Stable Baselines3 Contrib
sb3-contrib is the experimental contribution package for Stable Baselines3, providing additional reinforcement learning algorithms and features not yet integrated into the main SB3 library. It is currently at version 2.8.0 and typically releases new versions in sync with Stable Baselines3's major and minor updates, often introducing breaking changes related to Python or SB3 dependency versions.
Common errors
-
ImportError: cannot import name 'QRDQN' from 'sb3_contrib'
cause `QRDQN` was moved from `sb3-contrib` to `stable_baselines3`'s core library in SB3 v2.0.fixChange your import statement to `from stable_baselines3 import QRDQN`. -
AttributeError: 'VecMonitor' object has no attribute 'action_masks'
cause When using `MaskablePPO` or `RecurrentPPO`, the environment (or its wrapper chain) must implement an `action_masks()` method to provide valid action masks.fixImplement the `action_masks()` method in your custom `gymnasium.Env` or a custom `gymnasium.Wrapper` around your environment. If using a `VecEnv`, ensure the underlying environments provide masks and they are passed correctly, for `model.predict` you'll likely need to pass `action_masks` explicitly. -
stable_baselines3.common.utils.SB3DeprecationWarning: You are using an outdated version of Stable-Baselines3
cause `sb3-contrib` requires a specific, often very recent, version of `stable-baselines3` for compatibility.fixUpgrade both packages to their latest compatible versions: `pip install --upgrade stable-baselines3 sb3-contrib`. -
TypeError: zip() argument 'strict' must be bool, not None
cause From `sb3-contrib` v2.8.0, `zip` calls were updated to use `strict=True`, which will raise an error if sequences being zipped have different lengths. This often points to inconsistencies in environment observation/action spaces or custom data.fixReview the definitions of your environment's observation and action spaces, and any custom data structures passed into the model, to ensure all sequences that are zipped together are of consistent and expected lengths.
Warnings
- breaking Python 3.9 support was removed in v2.8.0. Earlier versions (v2.5.0, v2.1.0) dropped support for Python 3.8 and 3.7 respectively. Ensure your Python version meets the minimum requirement (>=3.10 for v2.8.0).

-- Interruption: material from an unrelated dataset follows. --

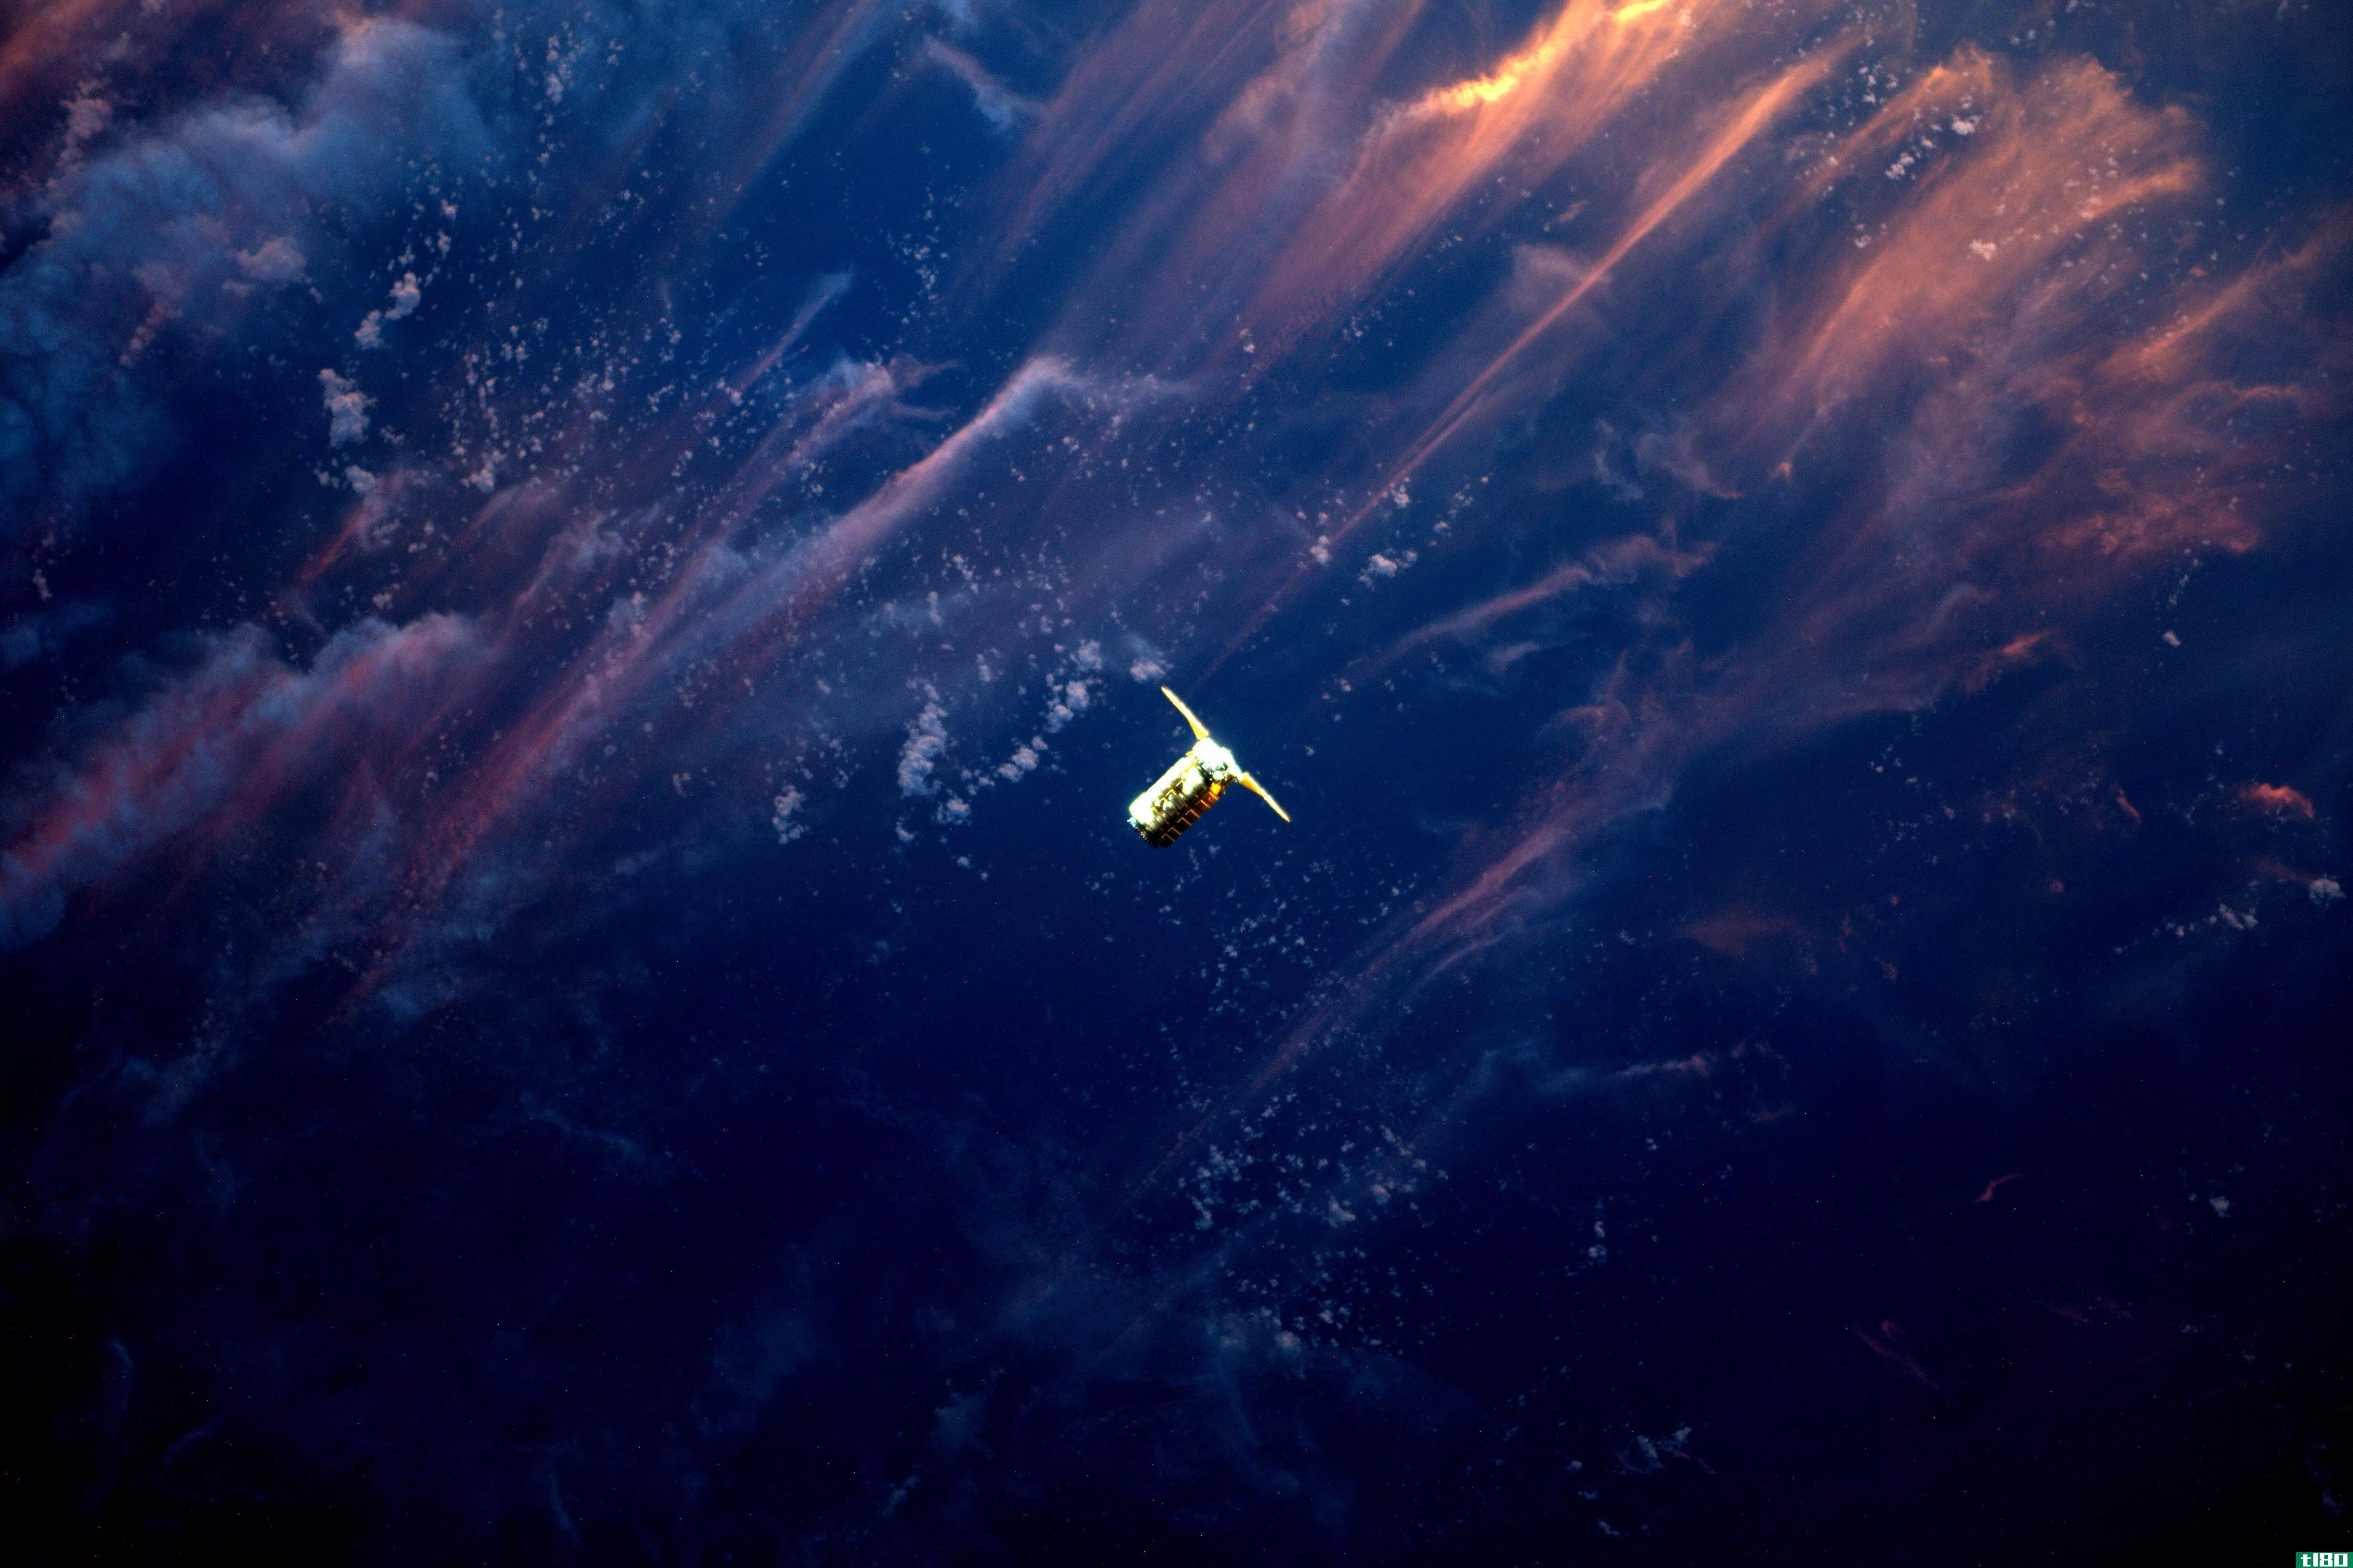 这张令人叹为观止的宇宙飞船日落照片是一个完美时机的好例子

- breaking sb3-contrib is tightly coupled with `stable-baselines3`. New versions of `sb3-contrib` frequently require specific, often newer, versions of `stable-baselines3` (e.g., v2.8.0 requires SB3 >= 2.8.0).
- gotcha The `QRDQN` algorithm was originally in `sb3-contrib` but was moved to the core `stable_baselines3` library starting with SB3 v2.0. Attempting to import it from `sb3_contrib` will result in an `ImportError`.
- gotcha Algorithms like `MaskablePPO` and `RecurrentPPO` require the environment to implement an `action_masks()` method, which returns a boolean numpy array indicating valid actions. This is not a standard `gymnasium.Env` or `VecEnv` feature.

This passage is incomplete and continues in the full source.